Can a Principal Sue its Own Surety?

Does Florida law allow a payment and performance bond principal to maintain a cause of action against its surety?

The scenario where this typically comes up is in an indemnity action (where, at least in Florida, “it is well settled that the only defense to indemnity is bad faith on the part of the surety.” Great American Ins. Co. v. General Contractors & Const. Mgmt., Inc., 2008 WL 2245986 (S.D. Fla. 2008)).

The form of most claims by the principal against the surety are counterclaims. The typical counterclaims are:

  • Tortious Interference with Contract
  • Breach of Indemnity Agreement
  • Breach of Performance Bond
  • Breach of Duty of Good Faith
  • Bad Faith
  • Declaratory Judgment

These claims are generally an attempt to conflate suretyship with insurance. As we’ve covered in our previous discussion, a Florida surety is not an insurer. Indeed, the United States Supreme Court recognized over 50 years ago that “the usual view, grounded in commercial practice, [is] that suretyship is not insurance.” Pearlman v. Reliance Ins. Co., 371 U.S. 132, 140 n. 19 (1962).

The fact that sureties are not insurers knocks out most of these claims. “Bad faith” and “breach of duty of good faith” arise in the context of the defendant having a “special relationship” or “fiduciary duty” to the plaintiff. Sureties have no such duty — especially to their principal. Indeed, the surety’s obligations run only to the obligee, not to the principal. Florida courts have recognized the bond is issued for the benefit of the obligee, not the principal. Shannon R. Ginn Construction Co. v.
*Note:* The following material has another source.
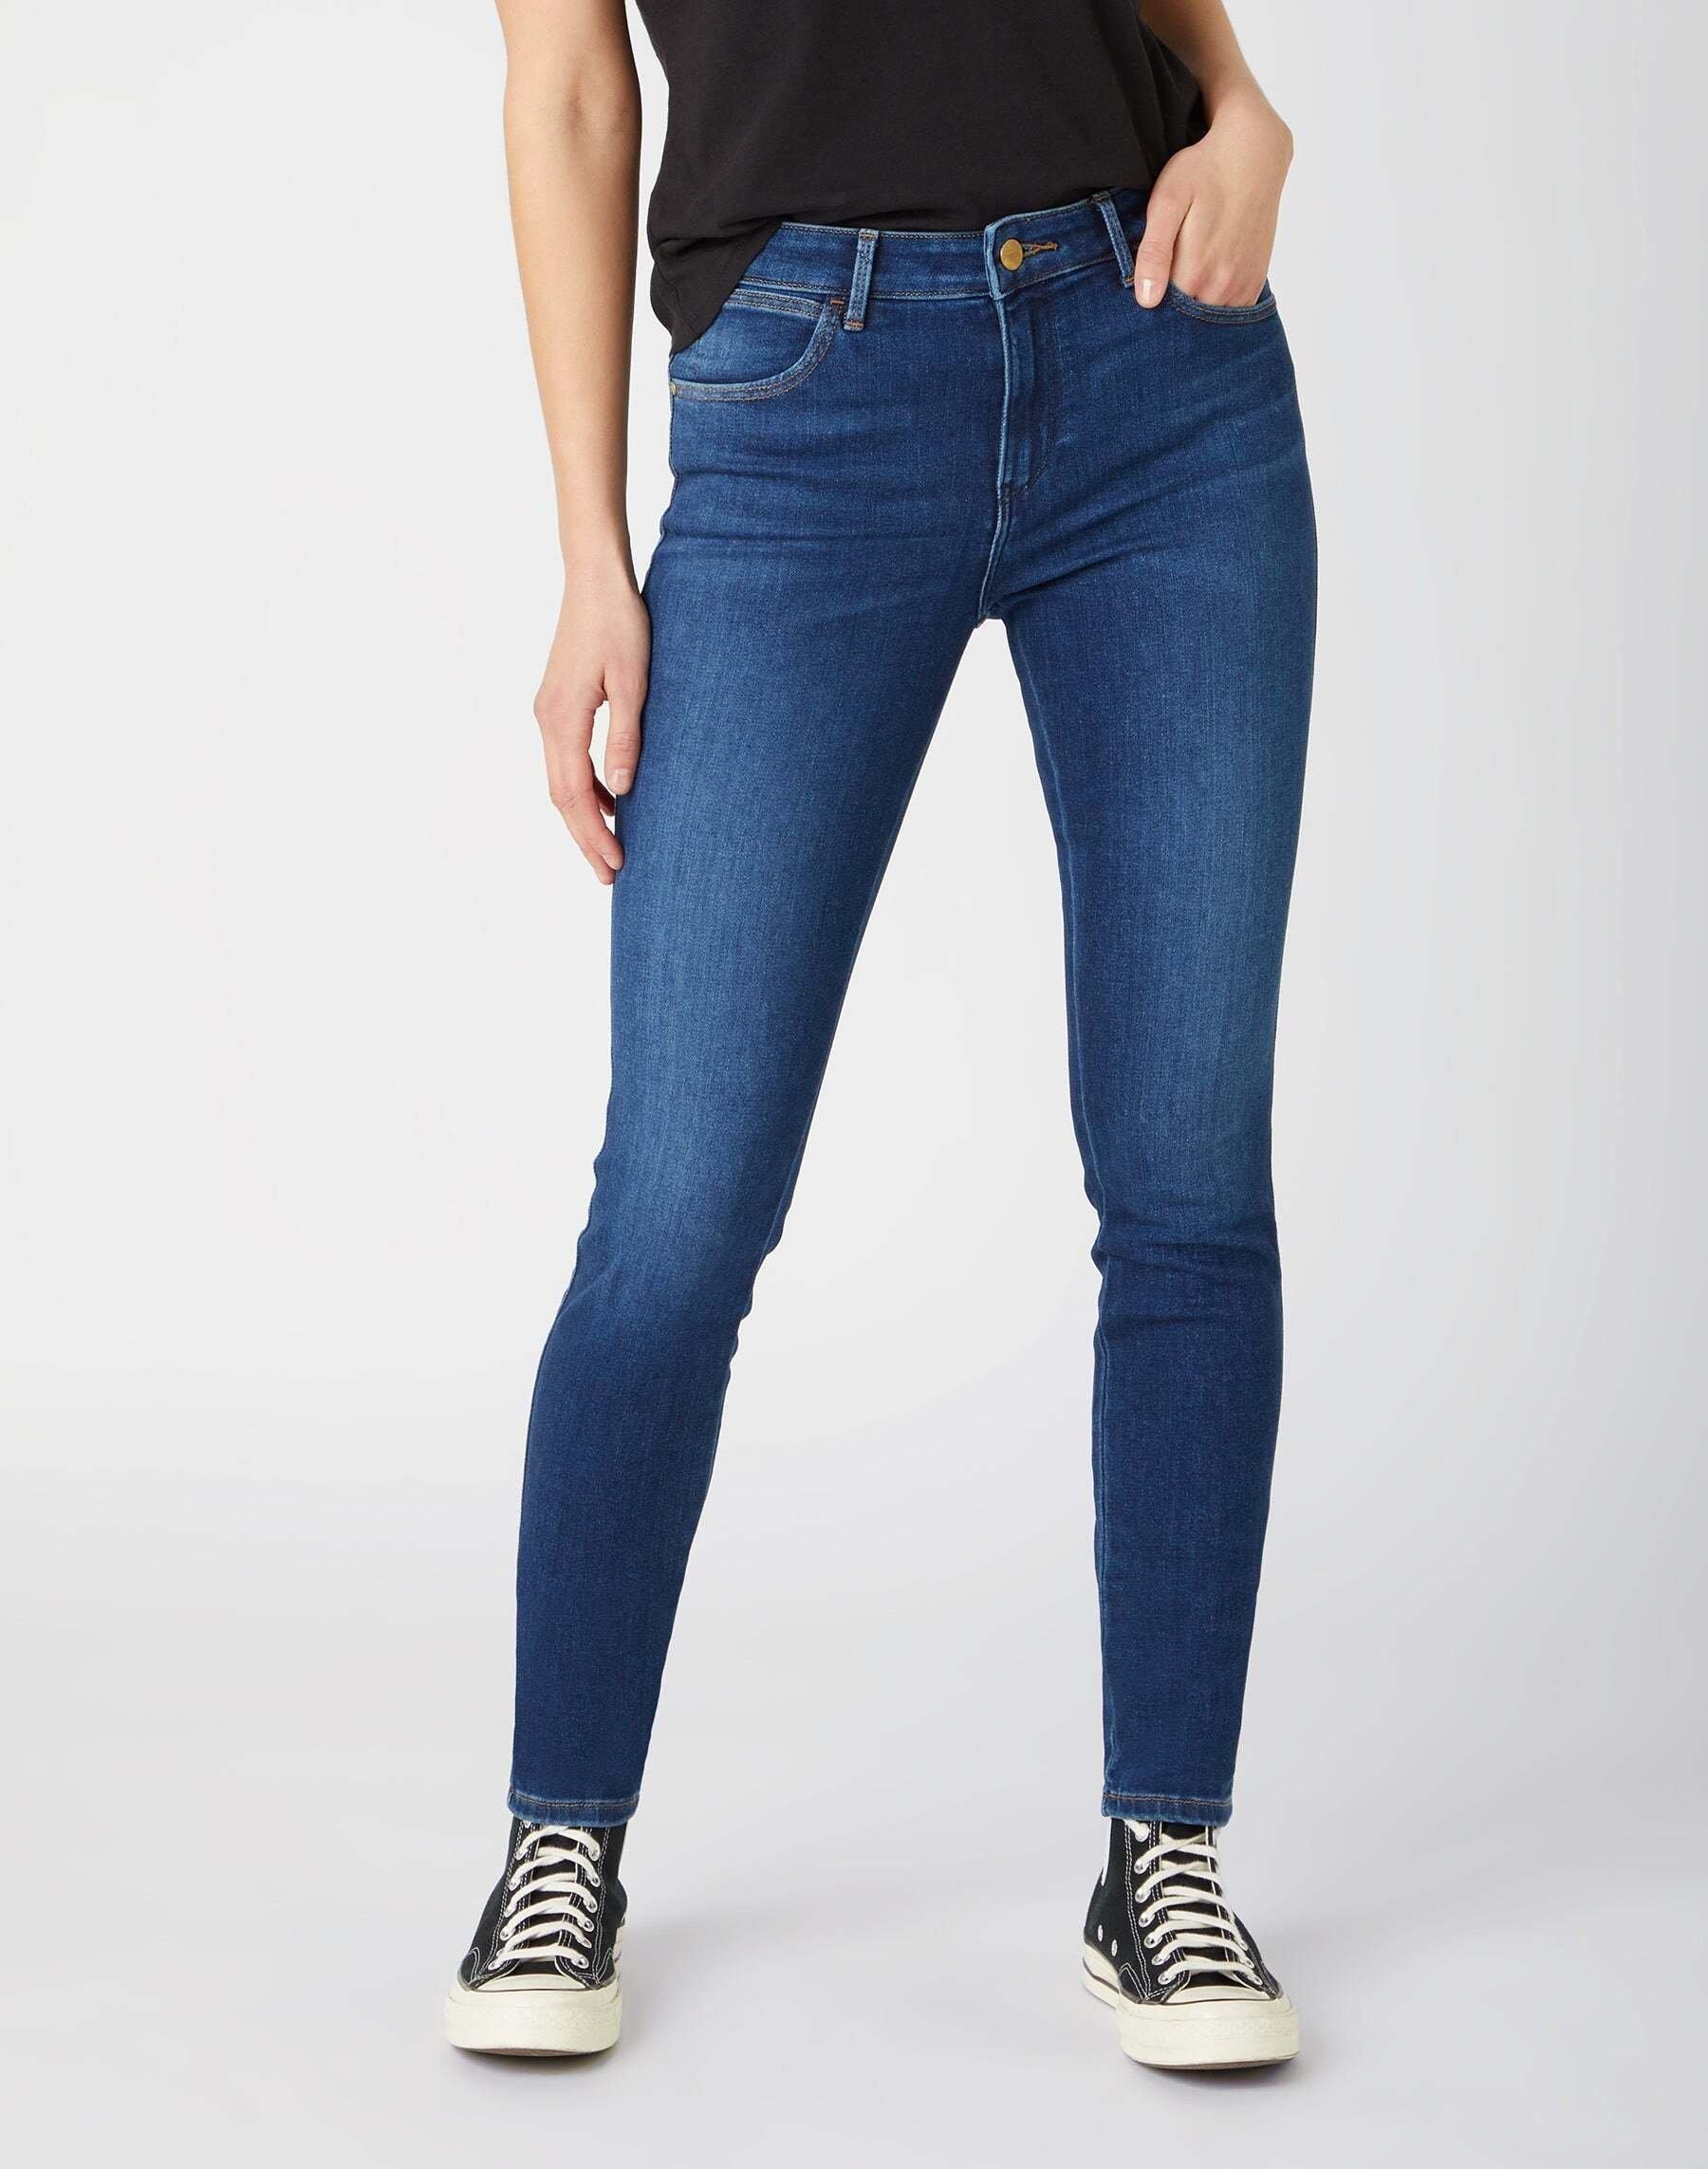 Jeans Skinny Fit Skinny Damen Blau Denim L32/W27 von Wrangler

Reliance Insurance Co., 51 F. Supp. 2d 1347 (S.D. Fla. 1999). Unlike insurance, which is enforceable by the insured, “the surety bond runs solely to the benefit of the obligee.” Chicago Dist. Council of Carpenters Health & Welfare Fund v. Alan Scott Co., 597 F.2d 1103, 1104 (7th Cir. 1979) (citing 74 Am.Jur.2d Suretyship, s 205).

Indemnity agreements similarly do not contain any promises flowing from the surety to the indemnitors. Instead, by their very nature, indemnity contract promises flow one way: From the indemnitors to the surety. Because of this one way street, indemnitors do not have any valid claim for “breach of indemnity agreement” against the surety. Since the surety does not make any promises to the indemnitors (or the principal), then no action for breach of contract arises. As the legendary contract law scholar Arthur Corbin recognized: “Breach of contract is always the non-performance of some duty created by a promise.” Corbin on Contracts § 30.13. Without any duty flowing from the surety to the principal, no right of action for breach of any contract (indemnity agreement, performance or payment bond) arises for the principal against its own surety.
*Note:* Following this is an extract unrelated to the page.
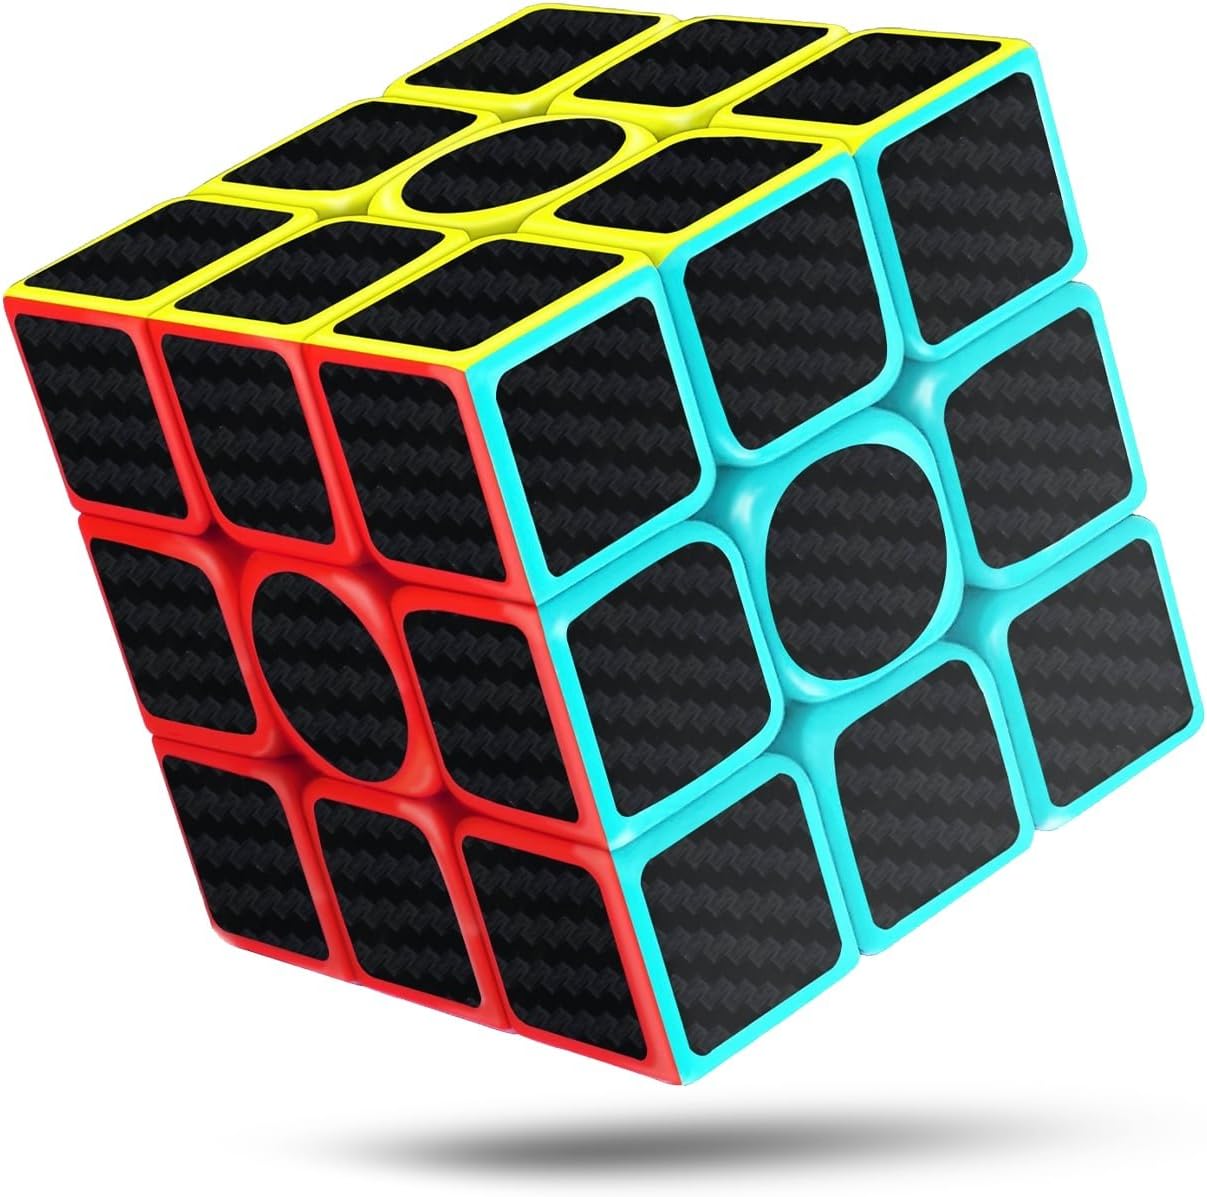 Original Rubiks Cube 3x3x3 Speed Magic Cube Durable Smooth Game Classic Puzzle

As for the other claims (tortious interference with contract and declaratory judgment), a party cannot tortiously interfere with its own contract. And an action for declaratory judgment does not serve a useful purpose, and is therefore subject to dismissal, when resolution of the surety’s claim, along with the defenses asserted by the indemnitors, would resolve all questions raised by the counterclaim.

Conclusion: A Principal Does Not Have Any Valid Claims Against its Surety.

Although a principal (and the indemnitors) do not have any viable claims against the surety, such counterclaims will undoubtedly continue to be raised, especially by counsel unfamiliar with the nuances of construction law. The surety’s best strategy is to move early on to dismiss such counterclaims. Such motions should consider educating the Court about the difference between suretyship and insurance.